La vieille Mills quitta la pharmacie, déjà prête à aller commérer ailleurs.
- Et si tu me racontais ce qu'il s'est passé ? demanda Luna en faisant le tour du comptoir pour venir aider Anya à marcher.
La grande blonde se laissa faire mais jeta un dernier regard vers la porte, inquiète pour Lexa, bien qu'elle lui en veuille de l'avoir abandonné à la merci des questions de Luna…
Clarke était en marche pour l'épicerie lorsqu'elle fut surprise par les passants en colère qui se trouvaient dans la rue principale. Lorsqu'elle était partie pour le garage de Raven, la ville dormait encore mais maintenant elle était bien éveillée et en pleine effervescence. Si la veille la nouvelle de l'attaque avait ébranlé les habitants, le temps du deuil était terminé et laissait maintenant place à la colère. Elle s'écarta d'un groupe qui manqua de la percuter alors qu'ils étaient perdus dans leur virulente discussion. Le calme avait clairement laissé place à la colère et cela se ressentait jusque dans l'atmosphère qui était bien lourde alors que la pluie menaçait de tomber. Un crissement de pneu attira son attention et elle vit le pick-up de Lexa faire un violent demi-tour avant de passer à toute allure à côté d'elle. Clarke la regarda disparaitre en direction de la forêt, se doutant que son empressement devait avoir un lien avec la colère des habitants. Une part d'elle souhaitait la suivre mais sans véhicule c'était peine perdue, alors elle reprit sa marche, se concentrant sur son enquête en rejoignant l'épicerie.

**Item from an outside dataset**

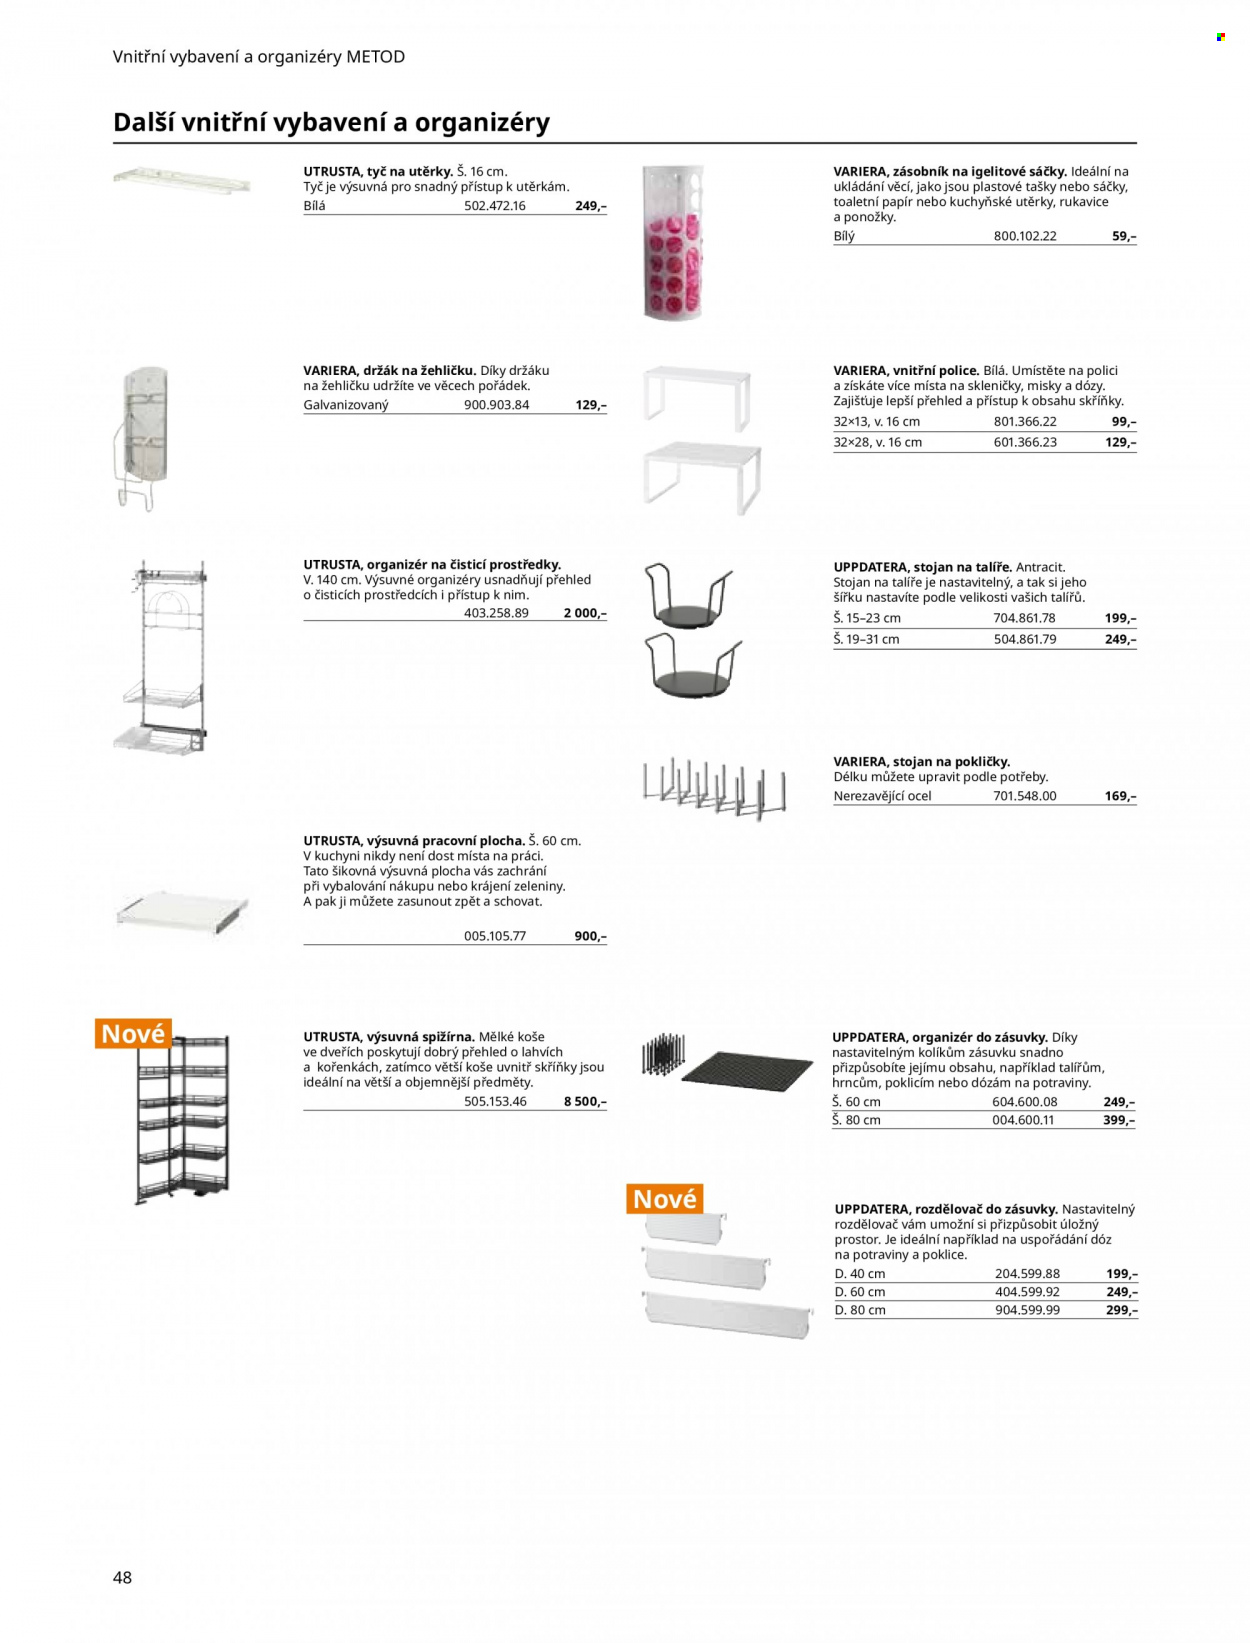 Leták IKEA - Produkty v akci - organizér, sklenice, talíř, miska, zásobník, dóza, Metod, police, organizér do zásuvky, rozdělovač, rukavice, taška. Strana 48.

La clochette accrochée à la porte de la modeste épicerie de la ville tinta joyeusement à l'entrée de Clarke qui s'engouffra rapidement pour retrouver un peu de chaleur. Se frottant les mains et les bras, elle s'avança dans l'une des trois petites allées, faisant mine de chercher des articles alors que les étagères basses lui permettaient d'avoir une pleine vue sur la caisse. Caisse où se tenait un employé portant un gilet rouge, brun et maigrichon et servant un client, tandis que cette Emori qu'elle cherchait n'était pas en vue. L'homme étant le seul employé présent. Elle continua de faussement fouiller les étagères, se laissant bercer par la musique diffusée par la radio du magasin. Mais elle finit par soupirer, se sentant soudainement stupide à agir ainsi, jouant les pseudos détectives sur les simples paroles de Raven. Pour le peu qu'elle en savait, la mécanicienne se jouait peut-être d'elle en l'envoyant ici. Elle fit ainsi volte-face et manqua de renverser une femme qu'elle n'avait pas vu arriver.
- Oh pardon ! S'excusa-t-elle immédiatement.
- Ce n'est rien, la rassura-t-elle dans un sourire chaleureux, mais je peux peut-être vous aider ?
Clarke prit quelques secondes pour l'observer face à cette étrange question. De fine tresses parsemant sa chevelure brune, un franc et accueillant sourire et … un gilet rouge !
- Vous êtes Emori, énonça-t-elle plus qu'elle ne demanda.
- Oui, confirma-t-elle avec confusion, voir méfiance face à cette étrangère qui semblait la connaitre, et vous êtes ?
- Oh euh, Clarke, la nouvelle médecin, lui tendit-elle sa main en se présentant.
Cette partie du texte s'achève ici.